◆ Dataset section:
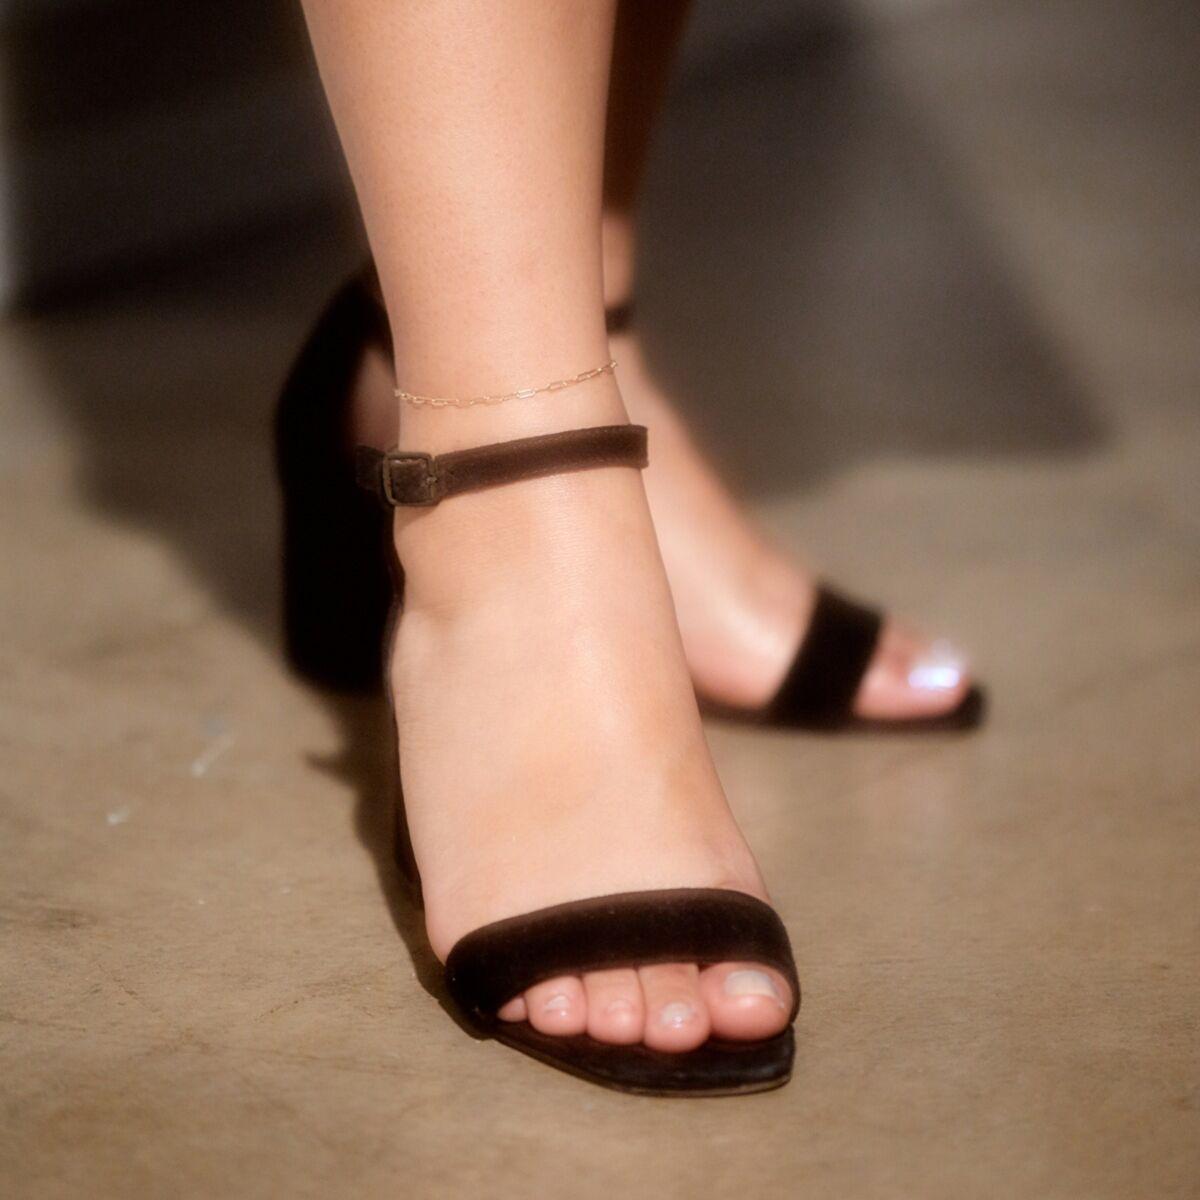 1976 Anklet image
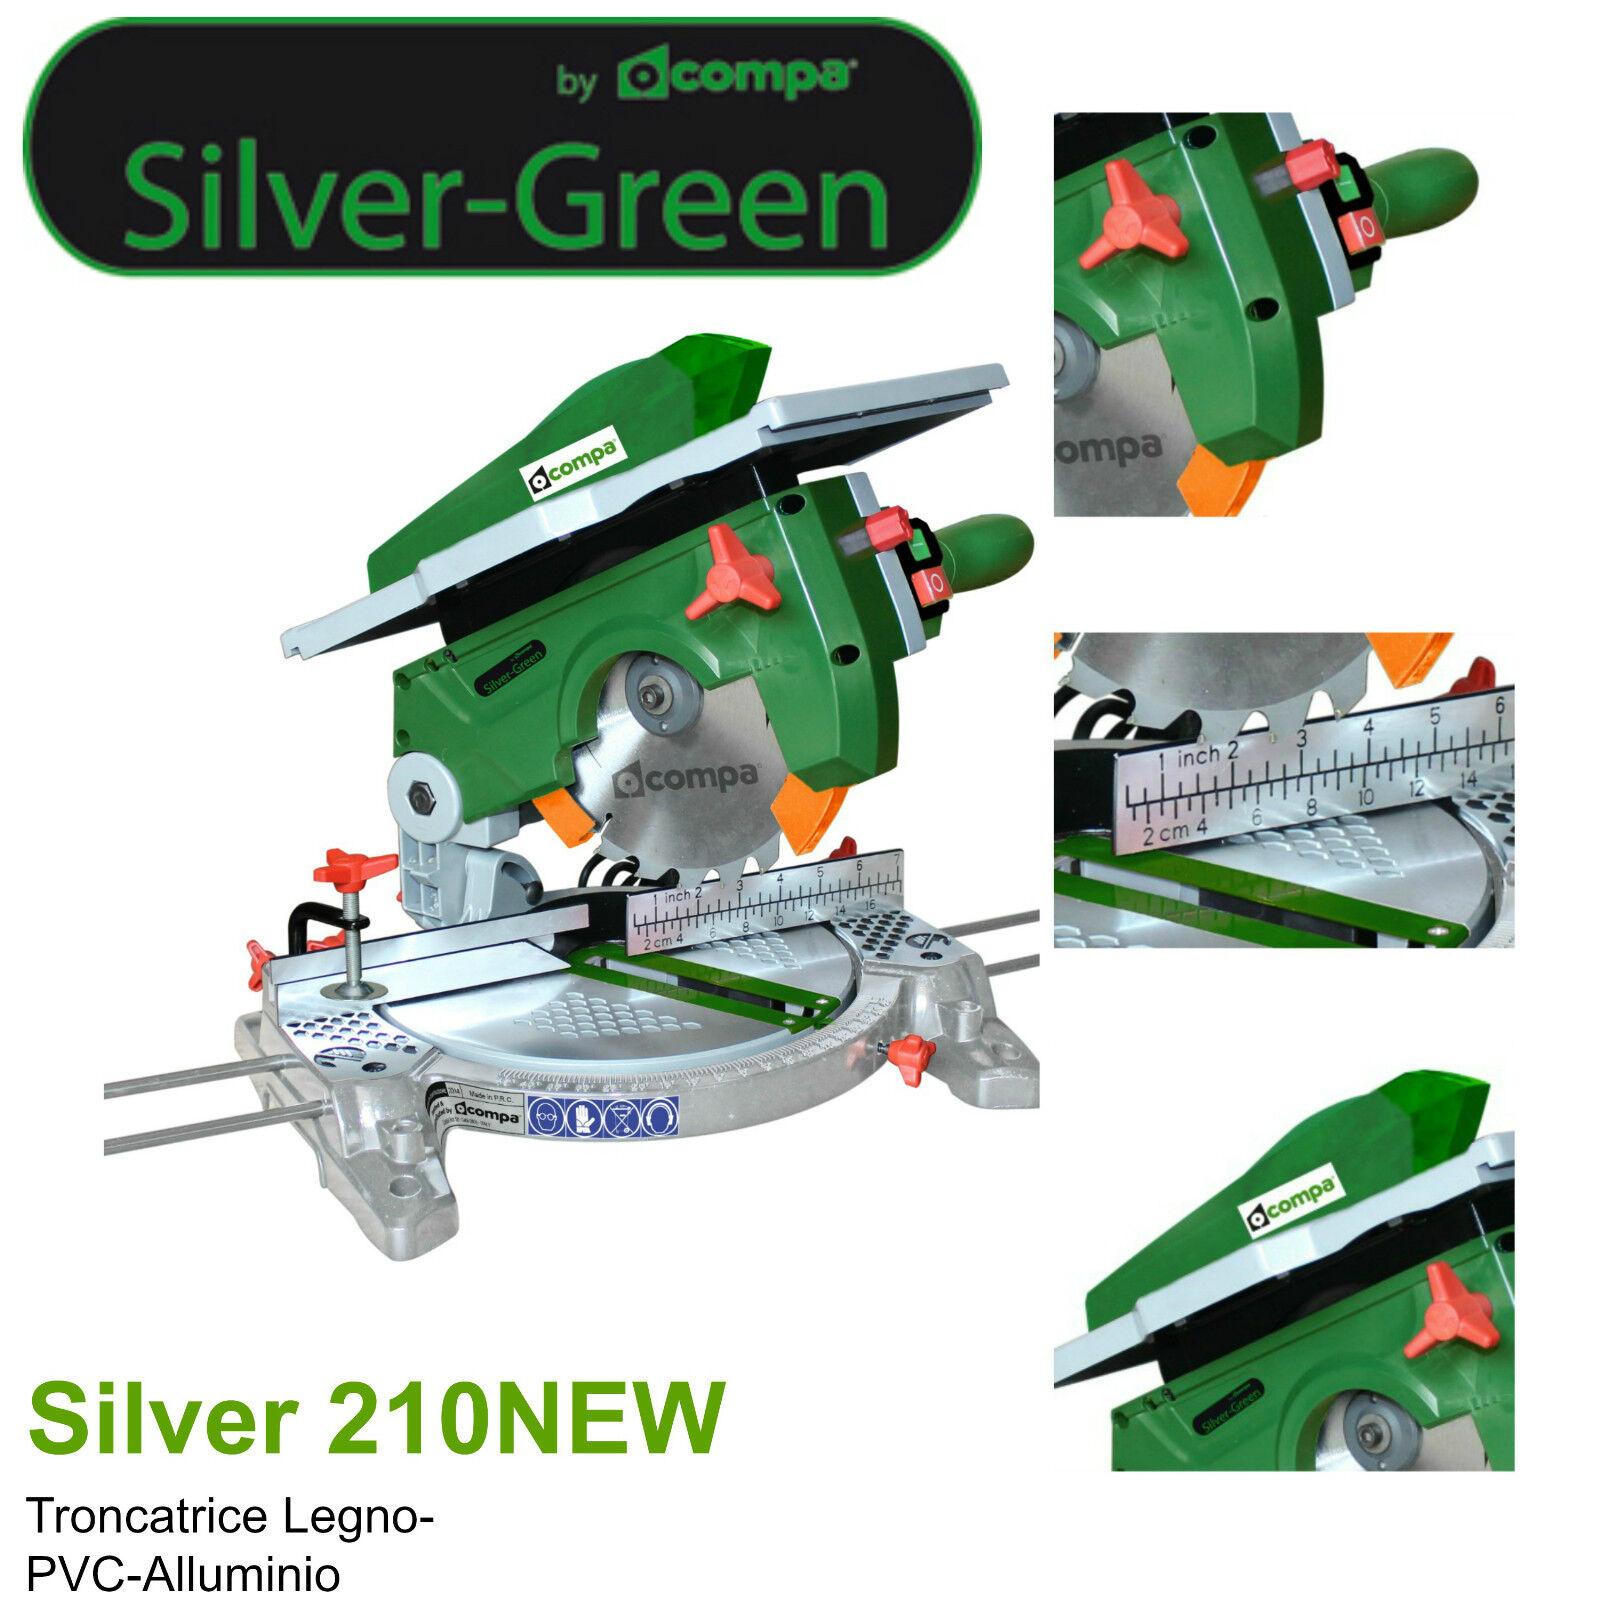 Compa Kappsäge Laptop-ø 210mm Plan Top- Aluminium Silber 210 neu
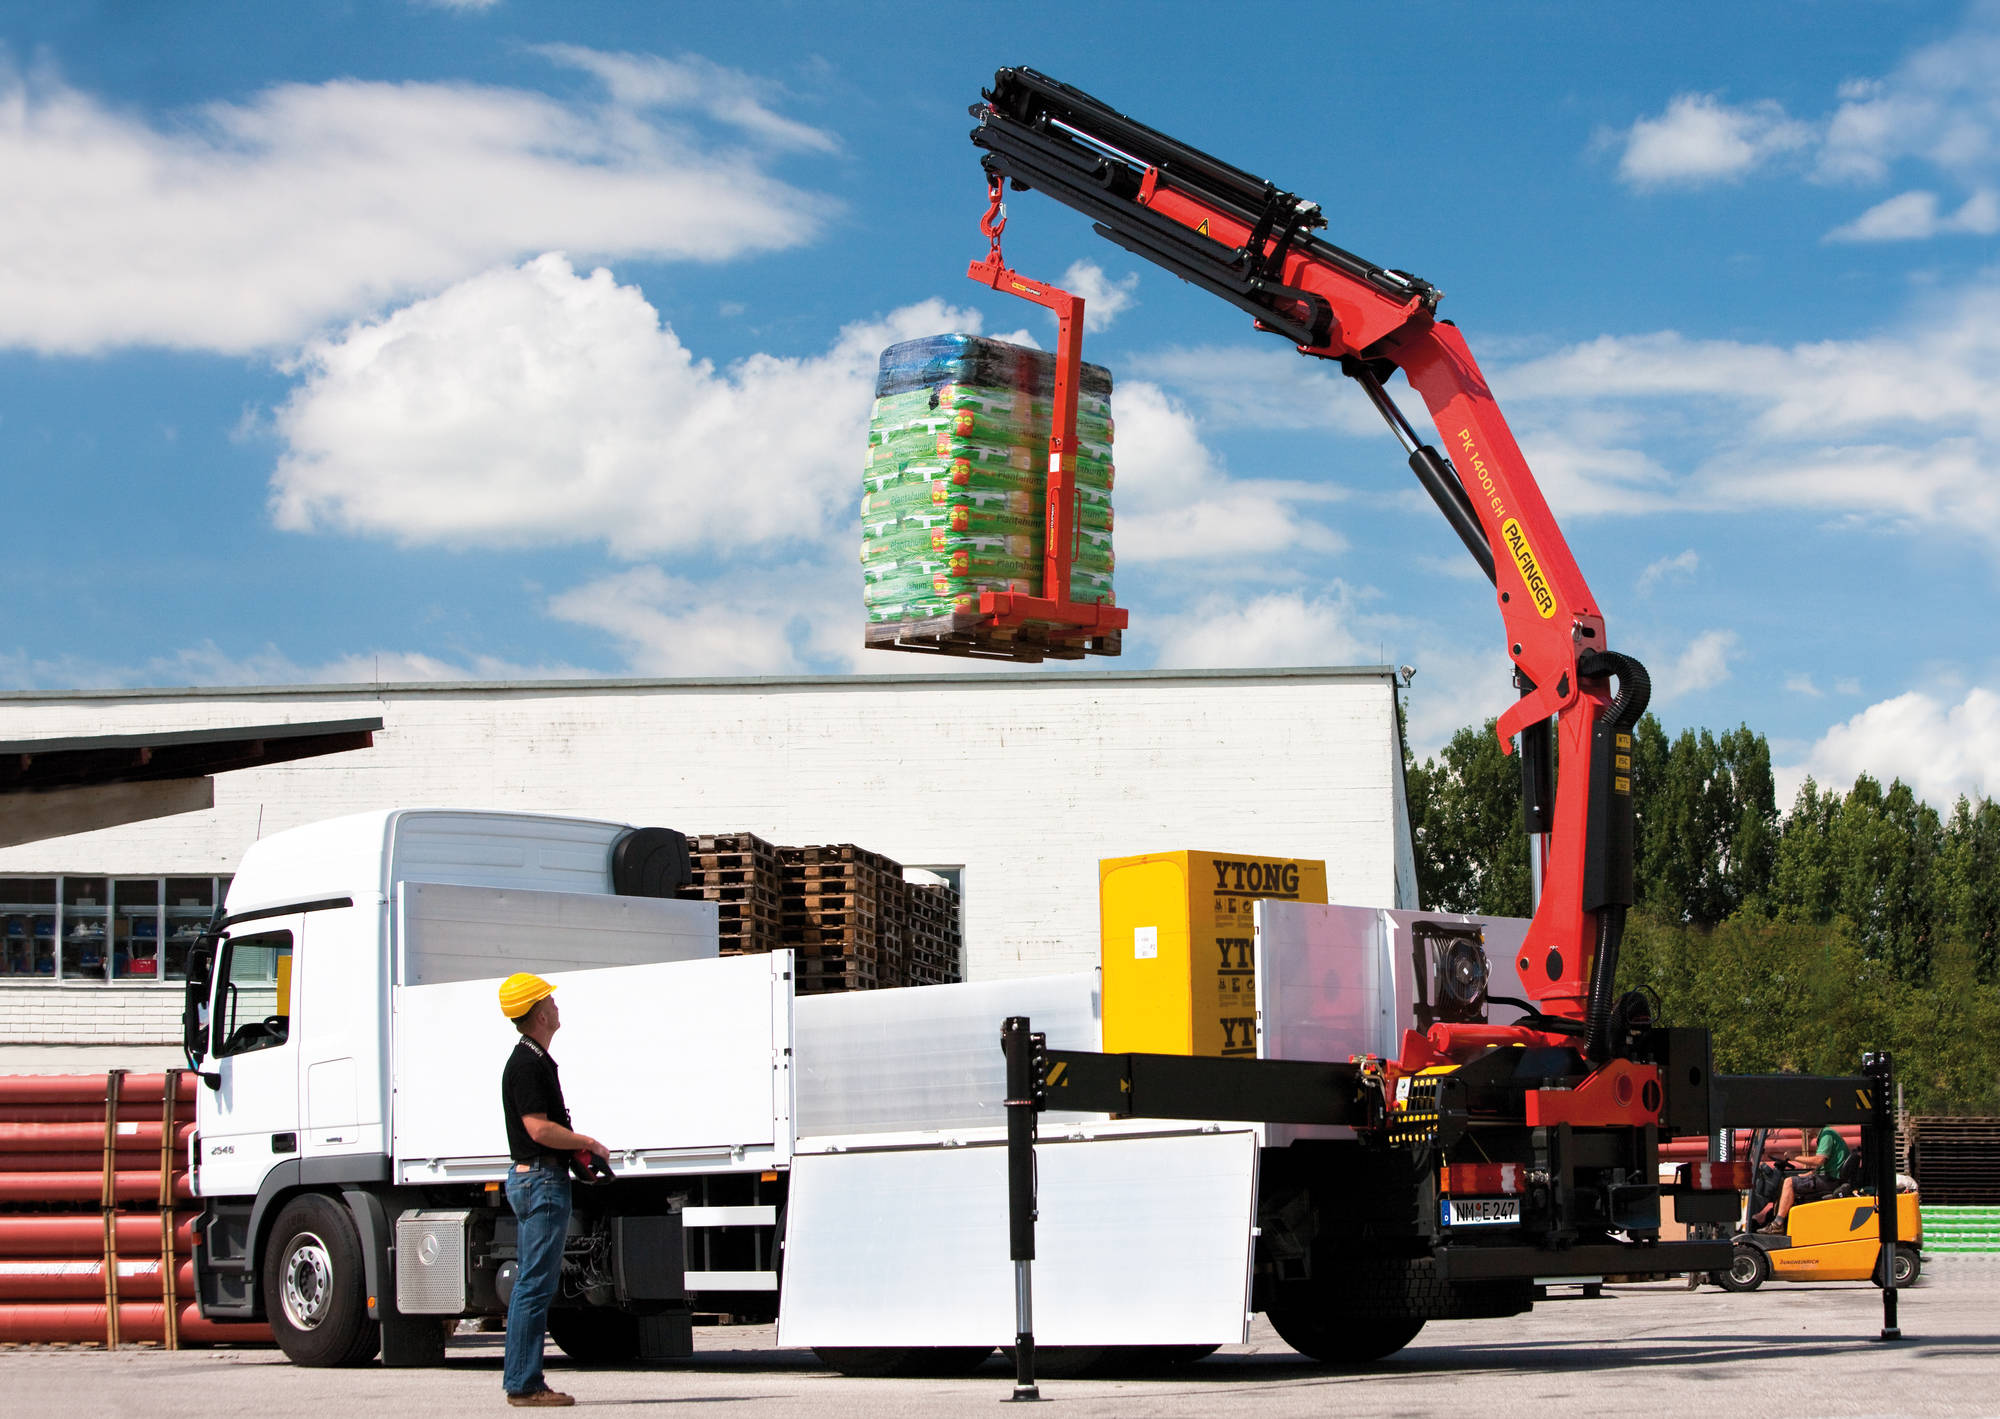 Forche gru per cantiere: strumenti di sicurezza nell'edilizia

◆ Your instructions:
Give back the full data exactly as it reads, but drop the pictures.

◆ Answer box:
 1976 Anklet image
 Compa Kappsäge Laptop-ø 210mm Plan Top- Aluminium Silber 210 neu
 Forche gru per cantiere: strumenti di sicurezza nell'edilizia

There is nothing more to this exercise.